The problem
A verbatim copy is needed of the lines below from the one containing "John Perkins Oldsmobile" up to and including the one containing "ASUS AMD RADEON", excluding pictures.

Material for this exercise
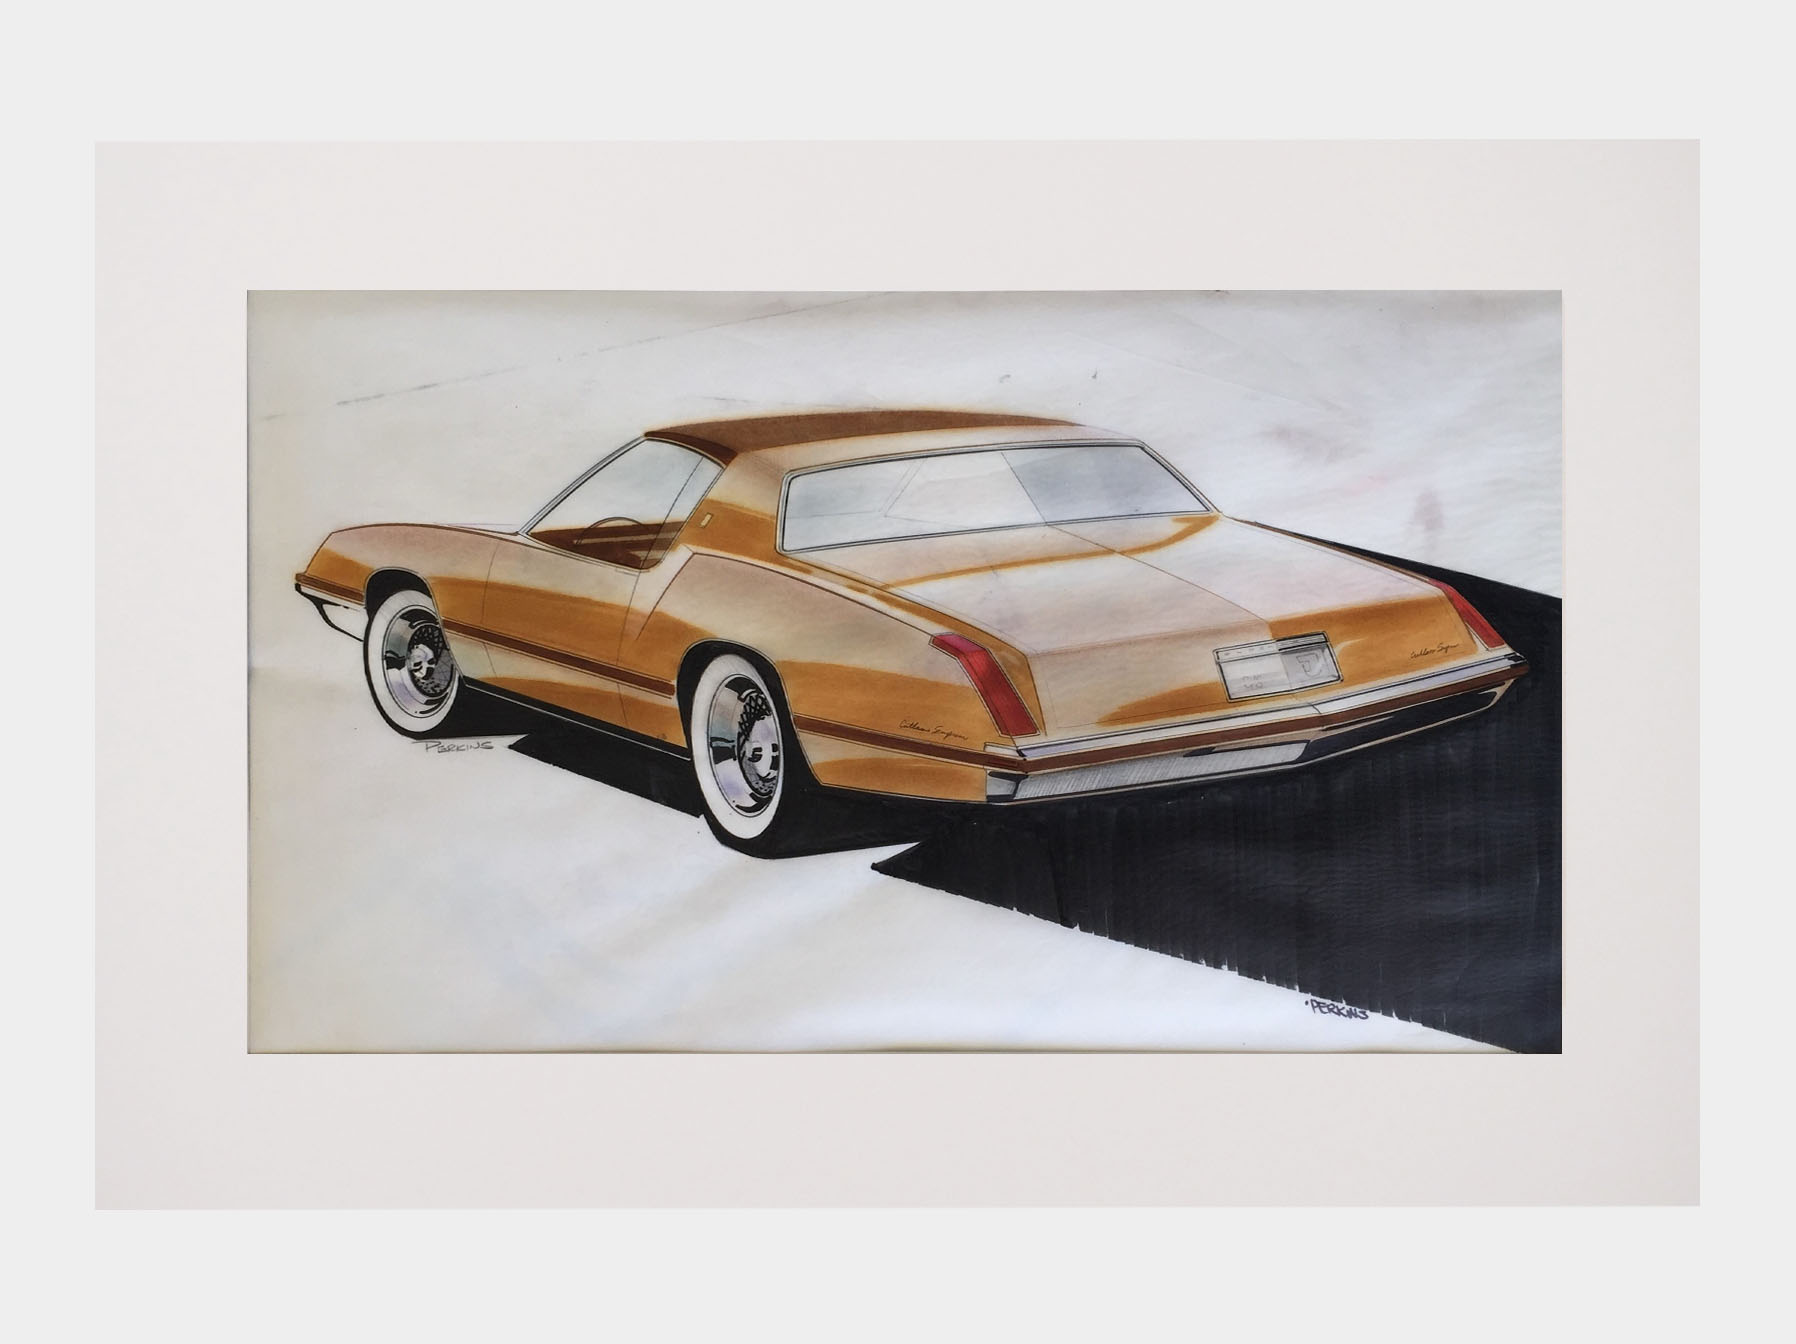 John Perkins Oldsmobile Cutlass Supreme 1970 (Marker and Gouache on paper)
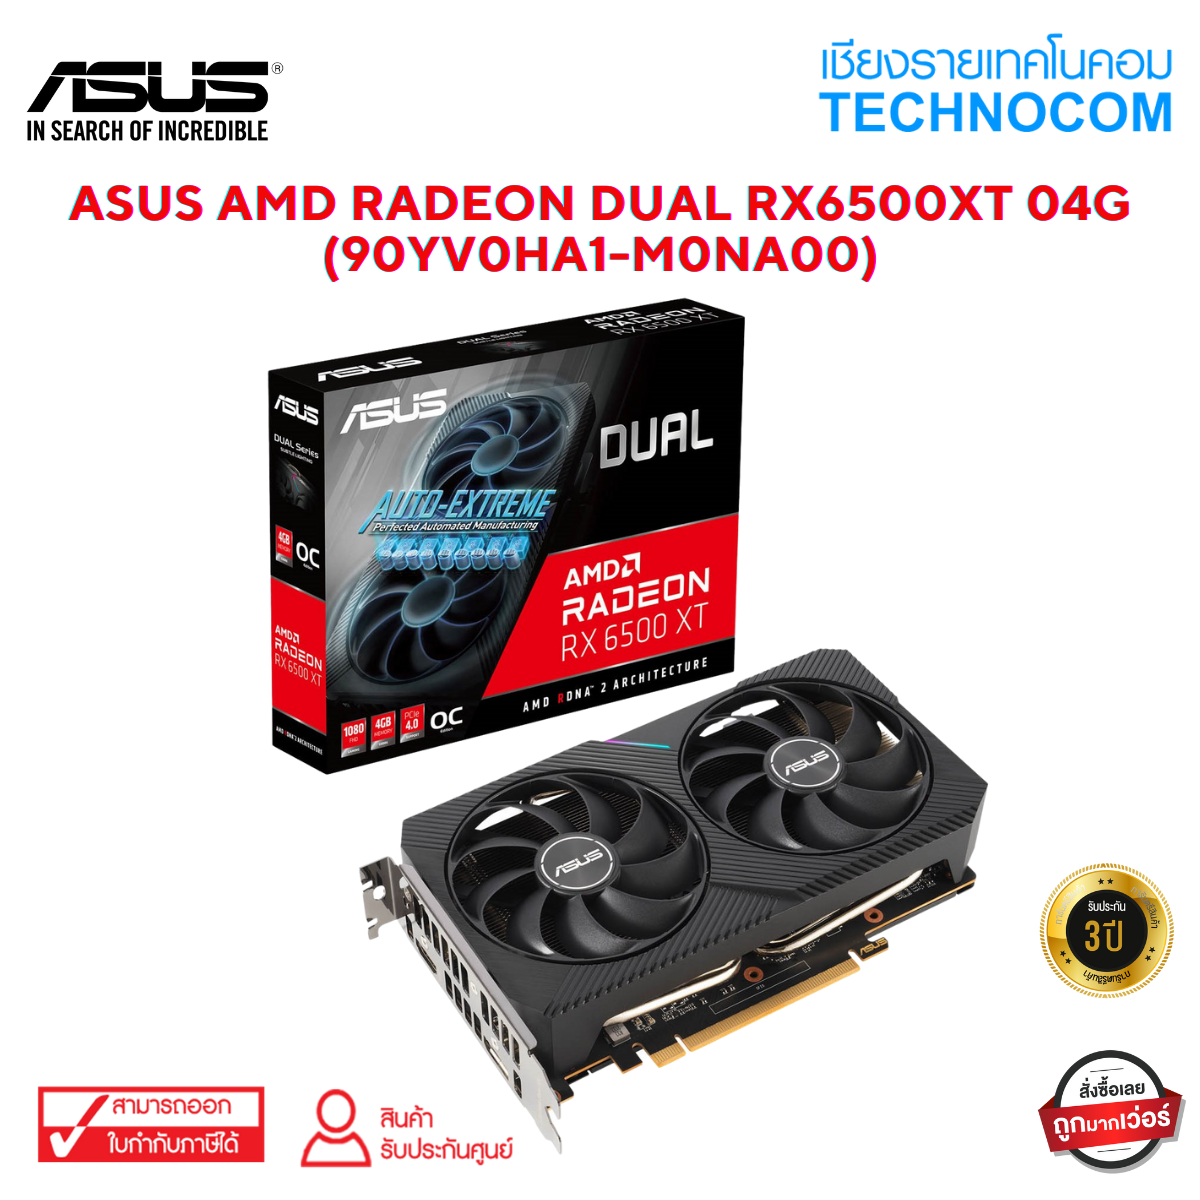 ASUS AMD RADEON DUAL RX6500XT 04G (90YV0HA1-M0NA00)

--

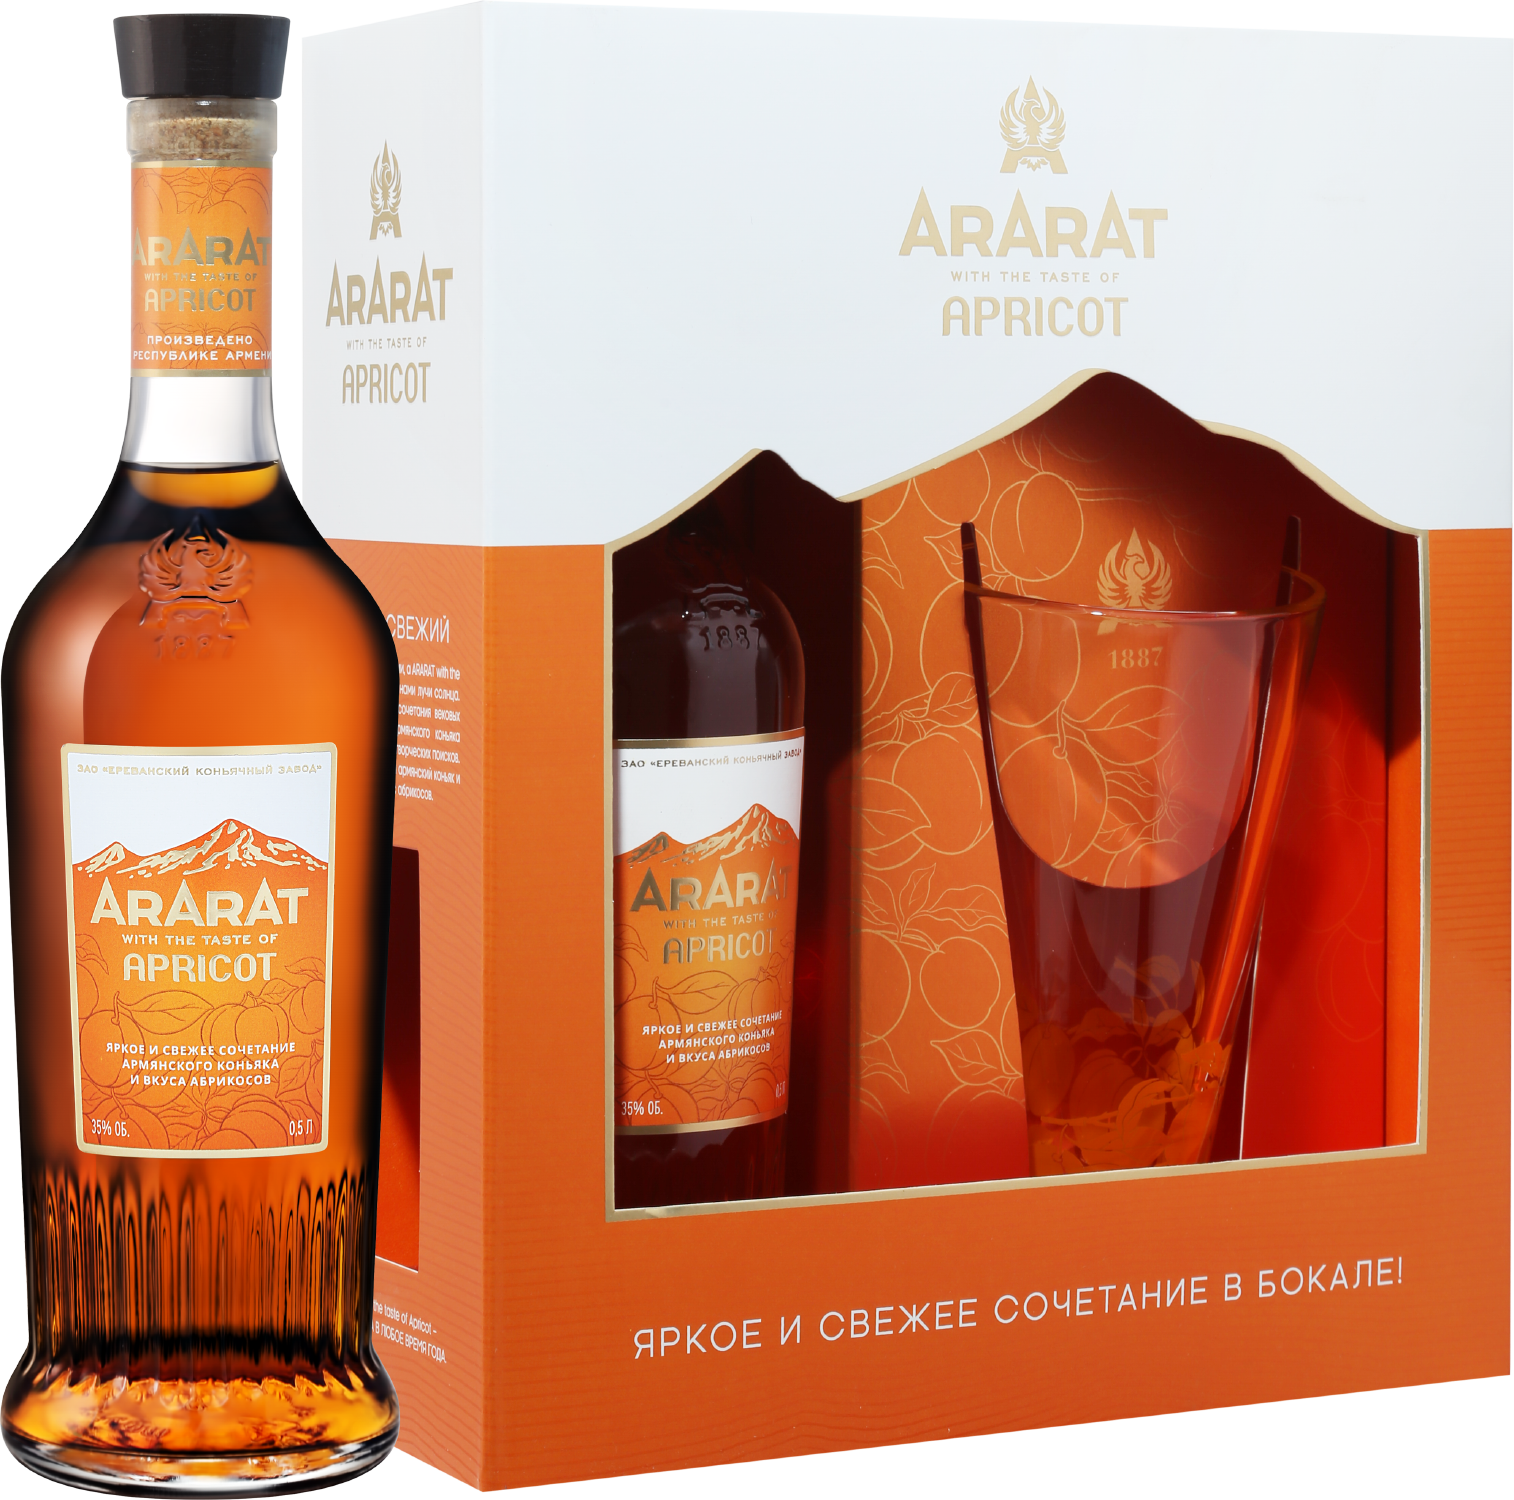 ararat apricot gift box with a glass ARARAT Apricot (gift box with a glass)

Solution
 John Perkins Oldsmobile Cutlass Supreme 1970 (Marker and Gouache on paper)
 ASUS AMD RADEON DUAL RX6500XT 04G (90YV0HA1-M0NA00)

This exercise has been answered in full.